Haiti’s first inclusion on Unesco’s prestigious intangible cultural heritage list is an item that is at once significant and seasonal. Joumou soup is traditionally consumed on January 1, which marks both New Year’s Day and the Caribbean country’s independence day.
When Haiti’s colonisation by the French came to an end more than 200 years ago, joumou – a soup traditionally cooked by plantation slaves for their masters – came to represent liberation, which is why it’s often referred to as “the bowl of freedom”, for while the delicacy was prepared by the slaves, they were not allowed to taste it.
Then on January 1, 1804, the first ruler of free Haiti, Jean-Jacques Dessalines, had his wife prepare joumou and serve it to the former slaves, as well as declaring it to be a message of defeat and the national food of the country’s black population.

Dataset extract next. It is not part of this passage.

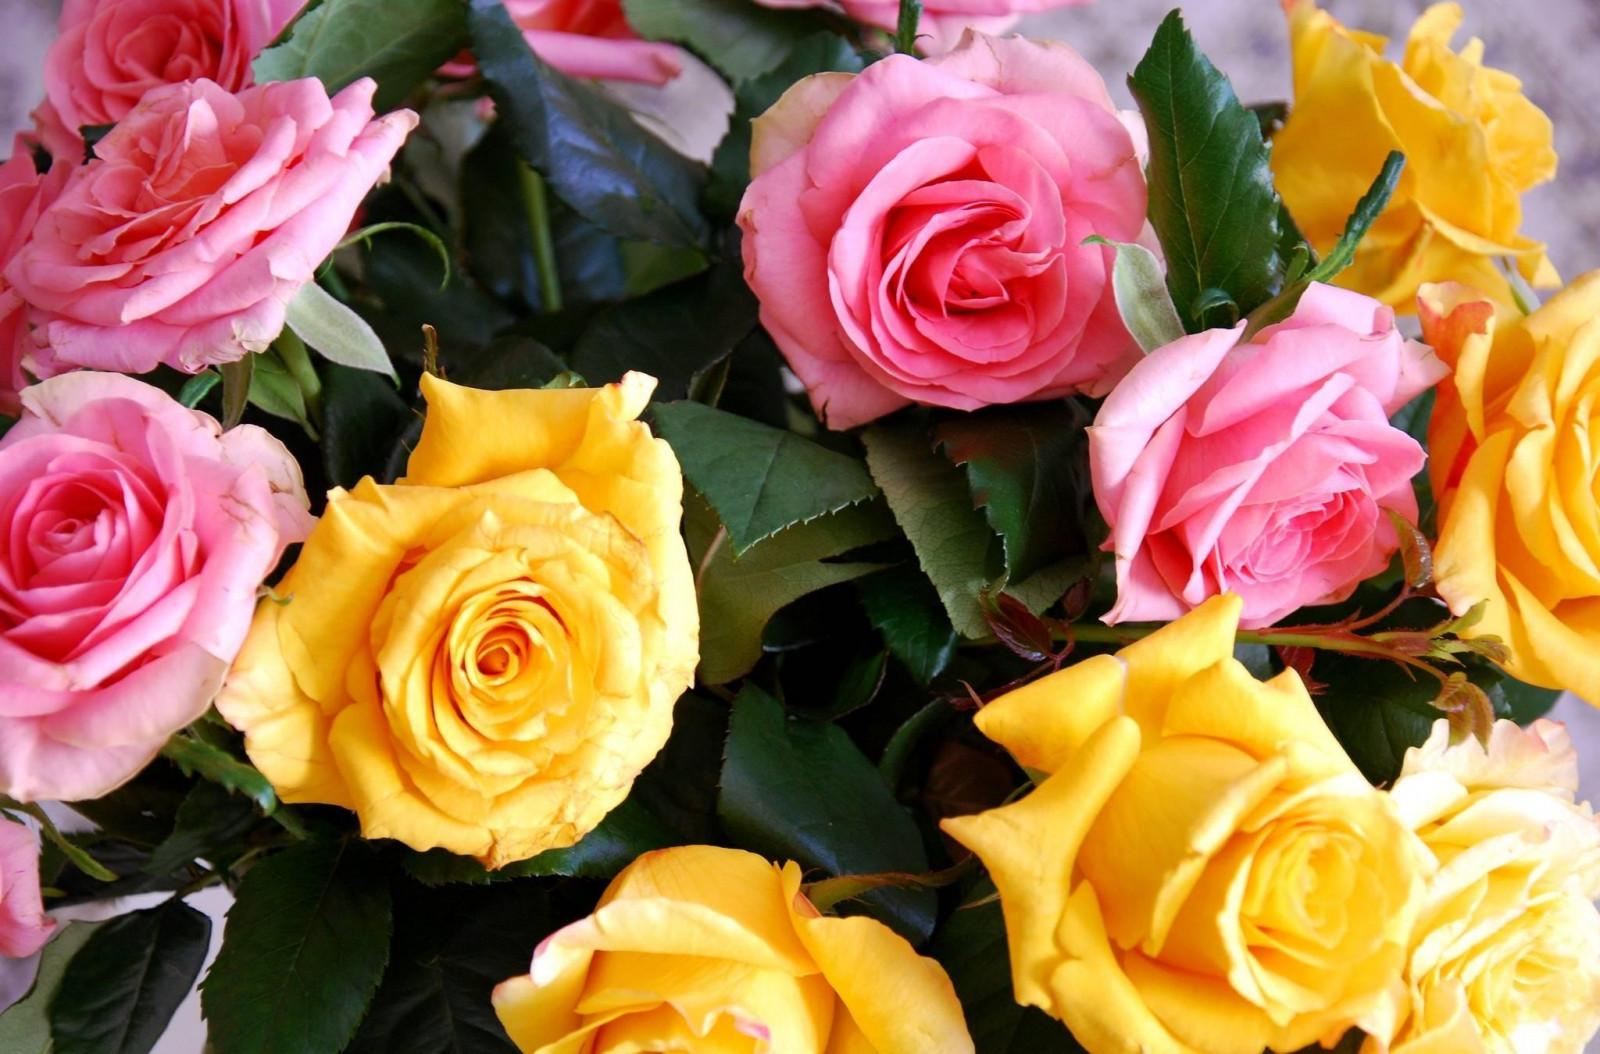 картинки роз по почте антикварном магазине печать

Made with a base of turban squash (a winter squash akin to a pumpkin), which lends it its bright yellow shade, joumou comprises meat (usually beef), potatoes, hot chilli peppers and other winter vegetables such as turnips, yams and taro root. Modern-day versions usually include some pasta or vermicelli as well as a pat of butter. It is also common for people to make extra joumou and distribute it to those in need.
The soup achieving “protected cultural heritage” status is both a point of pride and a symbol of hope for the financially ravaged country.
“It is a great joy and a point of pride to see this project come to fruition … weeks before the Haitian independence day. It is an important gesture of recognition for the entire Haitian culture and identity, which will further strengthen its influence throughout the world,” said Audrey Azoulay, Unesco’s director-general.
In turn, the Haitian delegation to Unesco deemed the inclusion “not only a fabulous sign of hope and encouragement, but also a unifying call for a Haitian people currently facing an exceptionally difficult moment in their rich history”.
Members of the Haitian delegation further said: “A symbol of the rejection of a system of oppression and discrimination, of the struggle against colonisation and all forms of racism, the soup strengthens cultural identity, encourages coexistence and social cohesion and plays a unifying role.
"This heritage generates a strong sense of belonging to the Haitian nation, connects new generations with their roots and has become an expression of their dignity as a people.”